Roger, unable to stand the strain longer, was about to flash his little pocket electric torch again when suddenly the stillness of the night was broken by a loud, shrill whistle.

"The signal!" cried Jimmy.

"The zero hour at last!" shrilled Roger in his tense excitement.

"Over the top!" yelled Bob. "Over the top!"

And just as the first streaks of the gray light of dawn began to pierce the blackness, the five Brothers, and their comrades up and down the trenches, leaped from their places of waiting with savage yells, and started for the German lines.

"I am glad! I am glad!" sang Iggy. "Now I can of the fight have a piece!"

He and Franz sprang out of the trench together. Side by side they raced over the rough ground, through the gaps cut in the barbed wire. A little in advance were Jimmy, Roger and Bob.

And now the big guns began their chorus.
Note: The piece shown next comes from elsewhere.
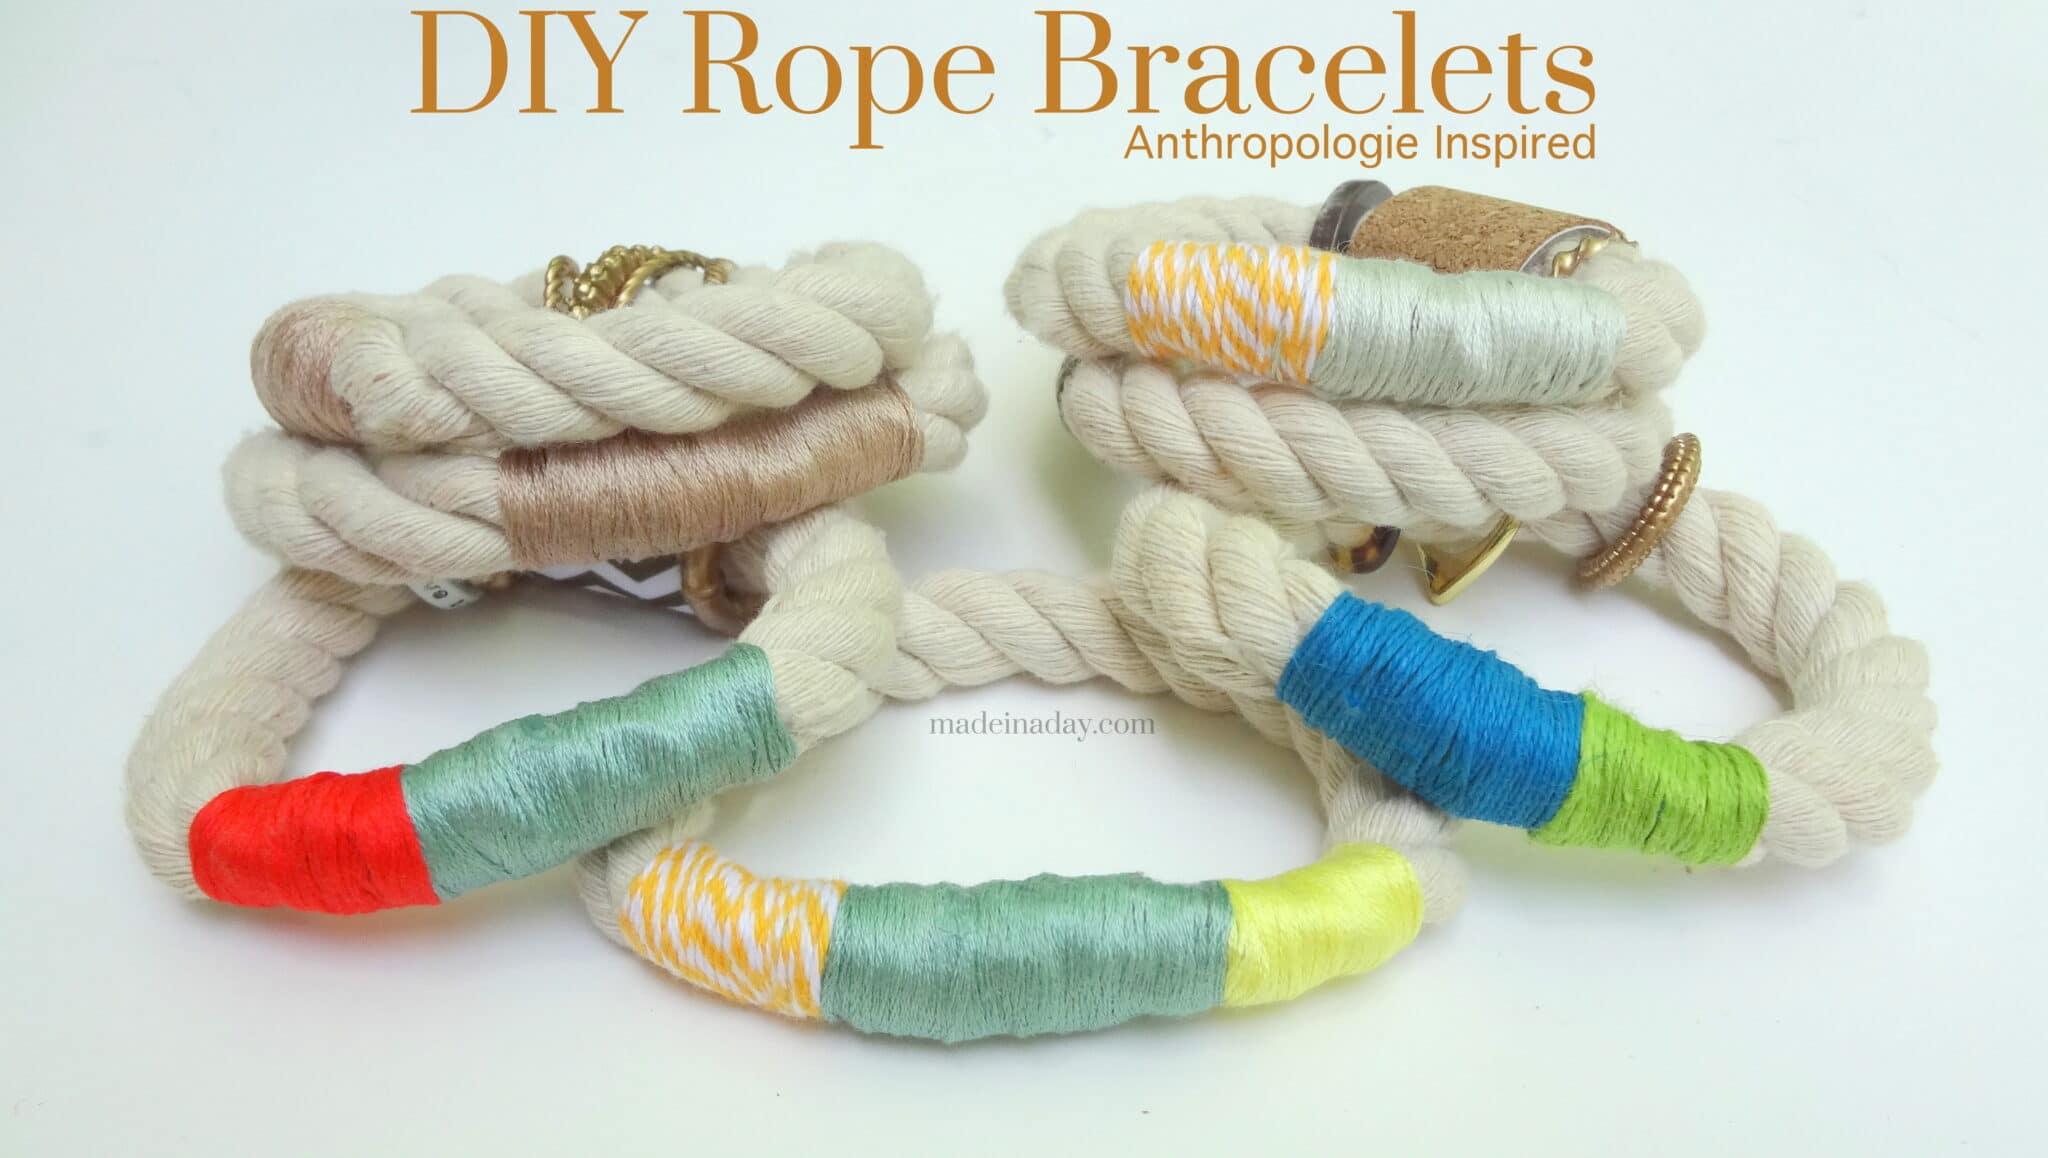 Rope Bracelets #anthrohack

With boom and roar, roar and boom they sang their anthem of death. The rattle of rifles came in as a response, and all this was punctured by fiendish yells.

Then, too, from the German lines, came the answering song of the big guns. Though the attack had taken them by surprise, they were not slow in responding. With all that we think of the Boches we must give them credit for being savage, if unfair, fighters. They seldom declined a challenge, at least on the front lines.

"Come on! Come on!" yelled Jimmy.

"Up and at 'em! Up and at 'em!" snapped Roger.

"Wow! This is going to be some fight!" exulted Bob.

It was fast growing light, and the disappearing darkness was further illuminated by the flashes from hundreds of guns. Lines of khaki-clad Sammies were pouring from the American trenches now, in a mad rush for the Hun positions.

"Well, we're together yet, anyhow," mused Jimmy, as, looking back, he saw Bob, the Polish lad, and Franz coming on with a rush.

"Yes, we're together-yet," added Roger. They both had been firing madly at the distant gray lines of German soldiers in front of them. They had to yell into each other's ears to be heard above the din.

Suddenly the very earth seemed to drop away from under their feet. They felt the shock of rushing air. A big, high-explosive shell had dropped near them.

"That's bad!" shouted Jimmy, as the concussion died away. He looked behind him and saw, with horror, Iggy, the Polish Brother, literally being blown back through the air. Whether this was the effect of the big shell that had exploded, or whether it was caused by a smaller one going off a moment later, Jimmy could not tell. But he saw Iggy hurtling through the air, and the face of the Polish lad was covered with blood, as he himself had said it had been in his dream.